# Our Prepper Trailer



## gadget (Jun 25, 2014)

Hi All,

Just back from the short camping trip.

Here are a few pictures of the Trailer.

Trailer on the Beast









Getting ready to set-up









Starting the unload









Unloaded what we were going to use and the kitchen being set-up









Sink and Draining board with storage under the sink









Double oven with firebox, as I was unloading the ovens. 

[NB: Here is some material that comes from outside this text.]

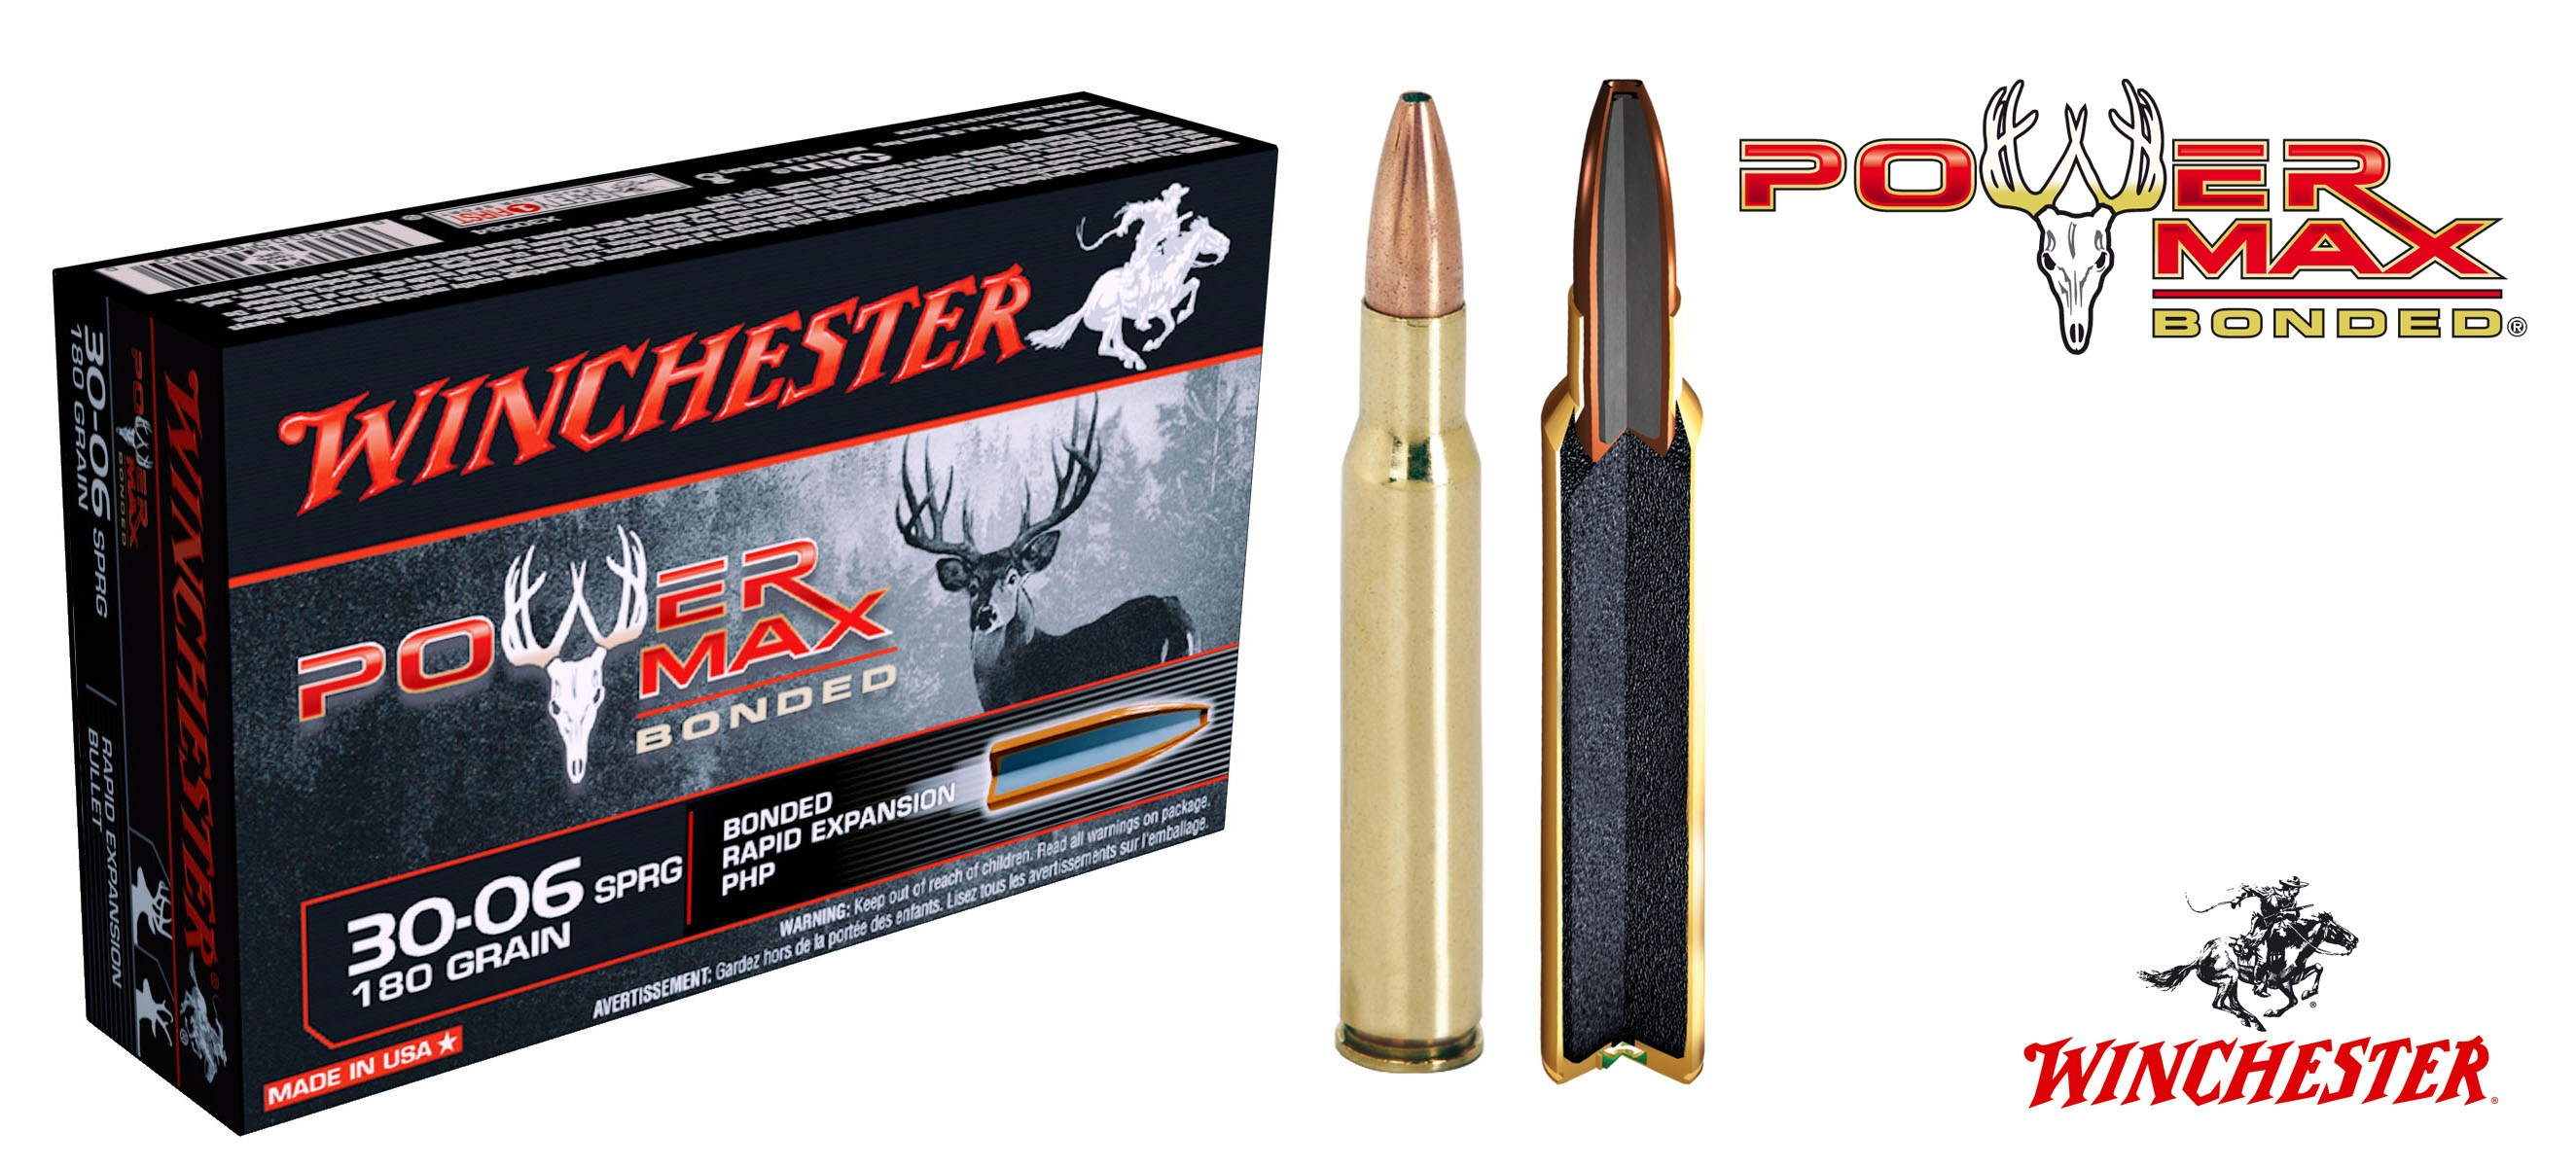 Патрон 30-06Sprg Winchester Power max bonded PHP 11,66г 1/20

Getting ready to start cooking.


----------



## Moonshinedave (Mar 28, 2013)

A really good, and well thought out setup. Looks to be good to go.


----------



## RNprepper (Apr 5, 2014)

How much do you think it weighs, empty and fully loaded????


----------



## Mule13 (Dec 30, 2012)

Thats a really nice trailer setup and i like the little tracker too. i have a samurai i put a vw diesel engine in


----------



## gadget (Jun 25, 2014)

RNprepper said:


> How much do you think it weighs, empty and fully loaded????


Hiya,

I need to get it weighed.

I would guess fully loaded it was about 1200 lb


----------



## gadget (Jun 25, 2014)

Mule13 said:


> Thats a really nice trailer setup and i like the little tracker too. i have a samurai i put a vw diesel engine in


Yeah it is a re-badged Isuzu.

2.0 Litre engine. I run it on LPG.

Makes it cheap to run.


----------